IEEE J Biomed Health Inform. 2024 Nov;28(11):6983-6996. doi: 10.1109/JBHI.2024.3439713. Epub 2024 Nov 6.
Multi-omics integration has demonstrated promising performance in complex disease prediction. However, existing research typically focuses on maximizing prediction accuracy, while often neglecting the essential task of discovering meaningful biomarkers. This issue is particularly important in biomedicine, as molecules often interact rather than function individually to influence disease outcomes. To this end, we propose a two-phase framework named GREMI to assist multi-omics classification and explanation. In the prediction phase, we propose to improve prediction performance by employing a graph attention architecture on sample-wise co-functional networks to incorporate biomolecular interaction information for enhanced feature representation, followed by the integration of a joint-late mixed strategy and the true-class-probability block to adaptively evaluate classification confidence at both feature and omics levels. In the interpretation phase, we propose a multi-view approach to explain disease outcomes from the interaction module perspective, providing a more intuitive understanding and biomedical rationale. We incorporate Monte Carlo tree search (MCTS) to explore local-view subgraphs and pinpoint modules that highly contribute to disease characterization from the global-view. Extensive experiments demonstrate that the proposed framework outperforms state-of-the-art methods in seven different classification tasks, and our model effectively addresses data mutual interference when the number of omics types increases. We further illustrate the functional- and disease-relevance of the identified modules, as well as validate the classification performance of discovered modules using an independent cohort.

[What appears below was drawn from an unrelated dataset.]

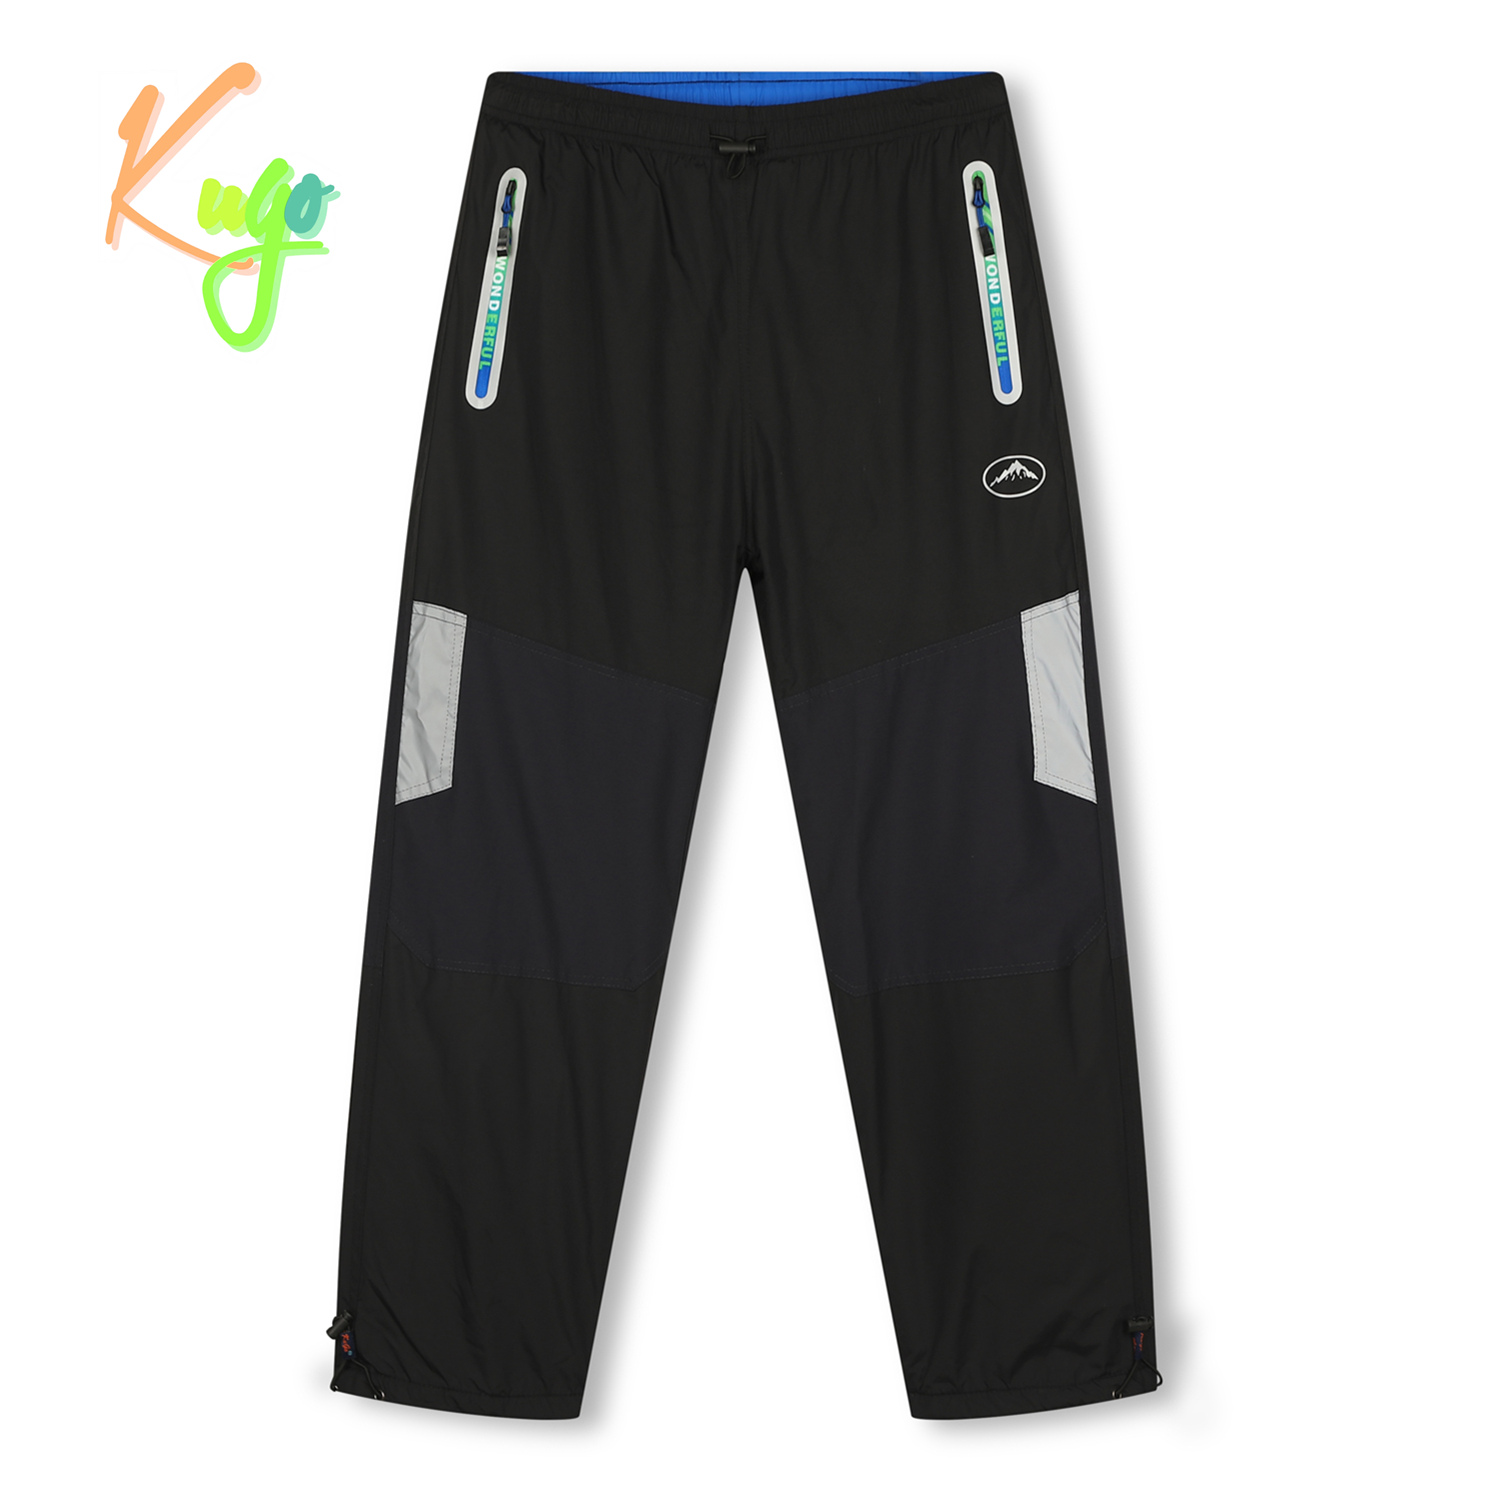 Chlapecké šusťákové kalhoty, zateplené - KUGO DK7136, černá / modrá aplikace Barva: Černá, Velikost: 140

多组学整合在复杂疾病预测中表现出了很有前景的性能。然而,现有的研究通常侧重于最大化预测准确性,而往往忽略了发现有意义的生物标志物这一基本任务。在生物医学中,这个问题尤为重要,因为分子通常相互作用而不是单独作用来影响疾病结果。为此,我们提出了一个名为 GREMI 的两阶段框架,以协助多组学分类和解释。在预测阶段,我们建议通过在样本协功能网络上使用图注意力架构来提高预测性能,从而整合生物分子相互作用信息以增强特征表示,然后集成联合后期混合策略和真实类概率块,以便在特征和组学水平上自适应地评估分类置信度。在解释阶段,我们从交互模块的角度提出了一种多视图方法来解释疾病结果,提供了更直观的理解和生物医学依据。我们将蒙特卡洛树搜索(MCTS)纳入其中,以从全局视图探索局部视图子图,并确定对疾病特征具有高度贡献的模块。广泛的实验表明,所提出的框架在七个不同的分类任务中优于最先进的方法,并且当组学类型数量增加时,我们的模型可以有效地解决数据相互干扰的问题。我们进一步说明了所确定模块的功能和疾病相关性,并使用独立队列验证了发现模块的分类性能。